Here’s why this matters
Our students, clients, and families come from different backgrounds. We do not often know their life situation or what they might be dealing with at home. At the beginning of this year, I helped translate for one of my student’s parents who was doing (what felt like endless amounts of) paperwork to enroll their child in an after school program. We spent almost three hours together. At the end of our time, this parent trusted me enough to share that she was struggling to feed her children. She was a single mother who relied on food stamps. Because of recent legislation, she, and many of her friends, was worried about re-applying for government aid because it could affect them in the future when they applied for citizenship. My heart ached for this family, and I felt helpless.

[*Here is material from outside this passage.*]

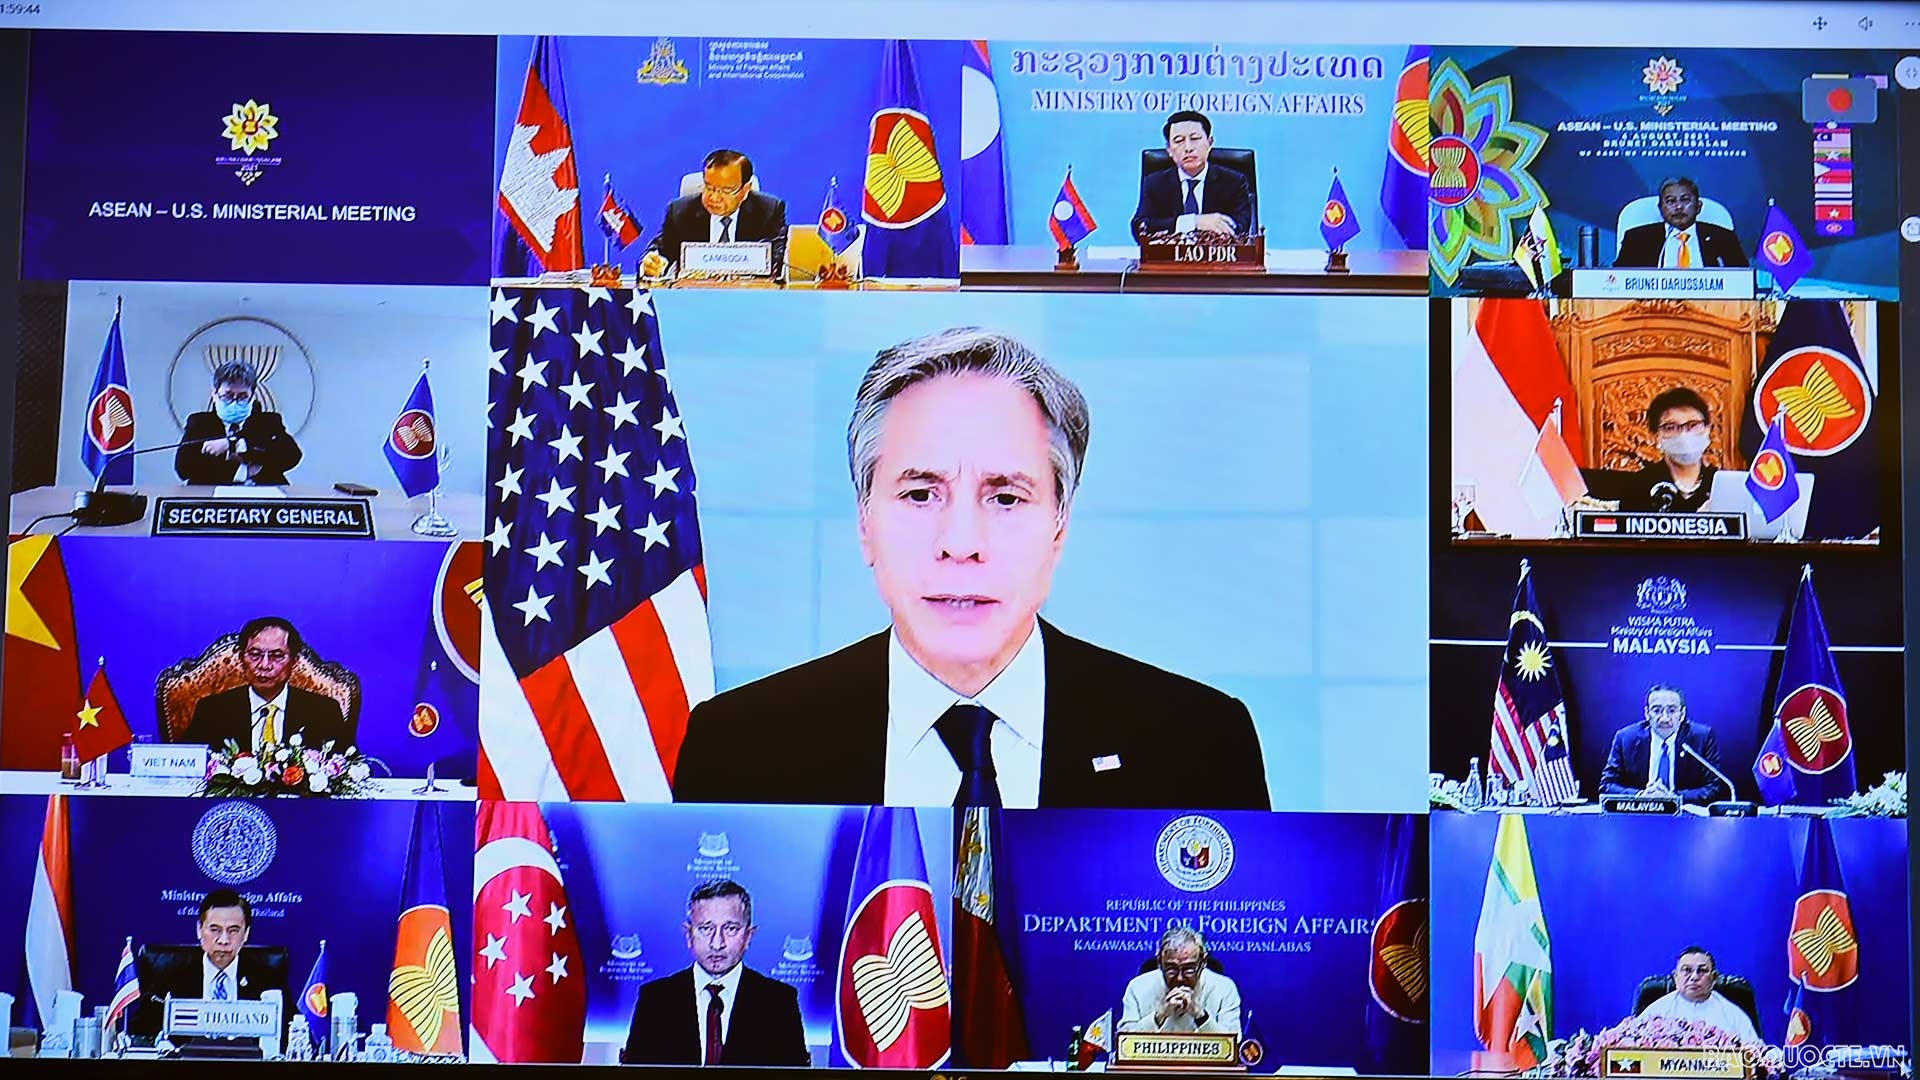 Hoa Kỳ ủng hộ lập trường nguyên tắc của ASEAN về vấn đề Biển Đông

Our families are often dealing with a lot at home. We need to be conscious of this as we work with them. Our students may come to us hungry, they may come to us without background knowledge of certain vocabulary/themes, and they may come to us with anxious thoughts. It is our job to meet them where they are.
Here’s what we can do
I have struggled for three years about my place in this fight; how can I help? Donating is wonderful, but there are still kids in cages. Volunteering is wonderful, but we are still targets of terrorist attacks. What can I do? What I have decided is that donating, volunteering, posting on social media, and VOTING are part of our work.

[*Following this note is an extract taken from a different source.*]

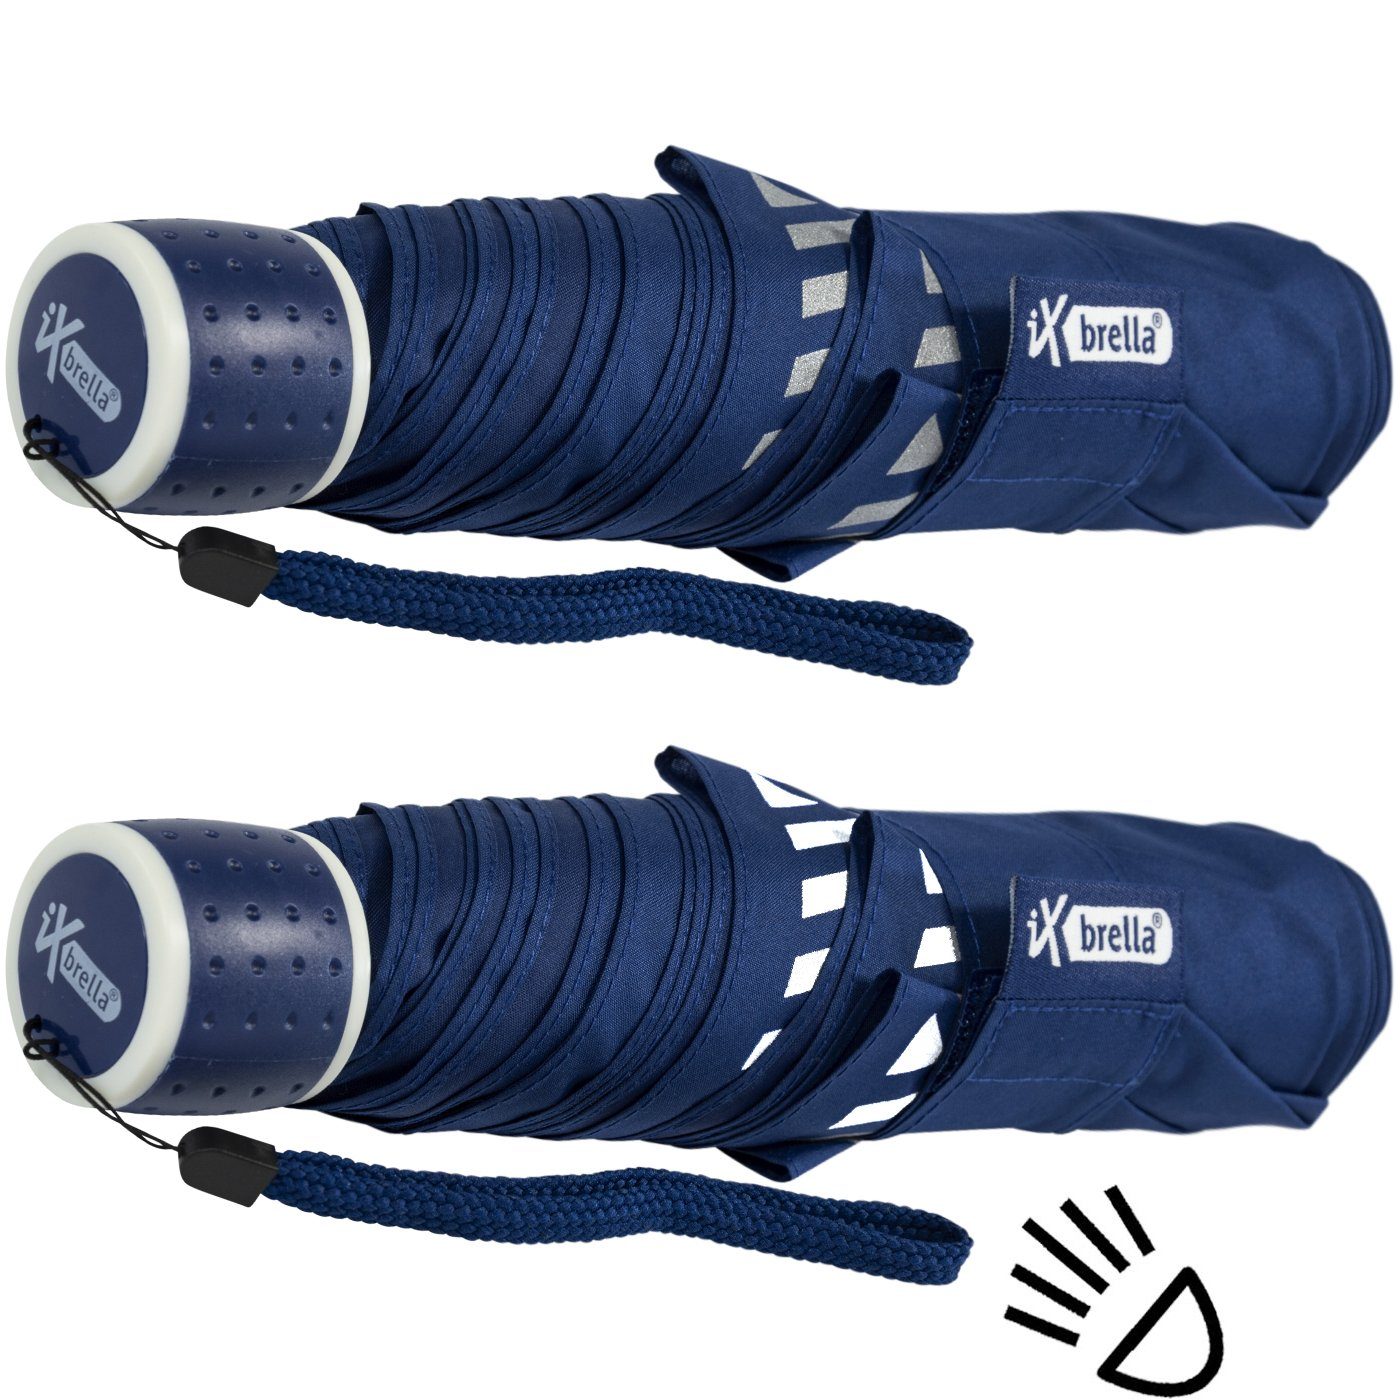 iX-brella Taschenregenschirm Mini Kinderschirm Safety blau extra reflektierend Reflex leicht

However, one of the most important things I can do in my day-to-day is to show up and provide a safe space for my students and clients. I can check in with them at the beginning of each session. Sometimes, this means that we spend more time talking about our emotions than we do working on /k/ and /g/. Providing a safe space for parents includes ensuring that we always provide them informed consent. We explain reports, IEPs, and legal processes in a parent-friendly manner. When we do not speak their native language, we provide knowledgeable interpreters that also explain the legal jargon in a parent-friendly manner. This also means calling parents after the IEP meeting and making sure they understood what was said during the information-loaded and daunting meetings. We must also honor and celebrate our students’ and families’ cultures. This means reading books, watching videos, and having discussions about Dia de los Muertos (Day of the Dead), Día de los Reyes (Three King’s Day) and Las Posadas during Christmas.. Keep in mind that these discussions go beyond food and dress. We also go into tradition and what makes each holiday meaningful. We honor each student and each family for who they are. In a recent trailer for In the Heights, Abuela Claudia, the grandmother in the story states, “We have to assert our dignity in small ways. Little details that tell the world that we are not invisible.”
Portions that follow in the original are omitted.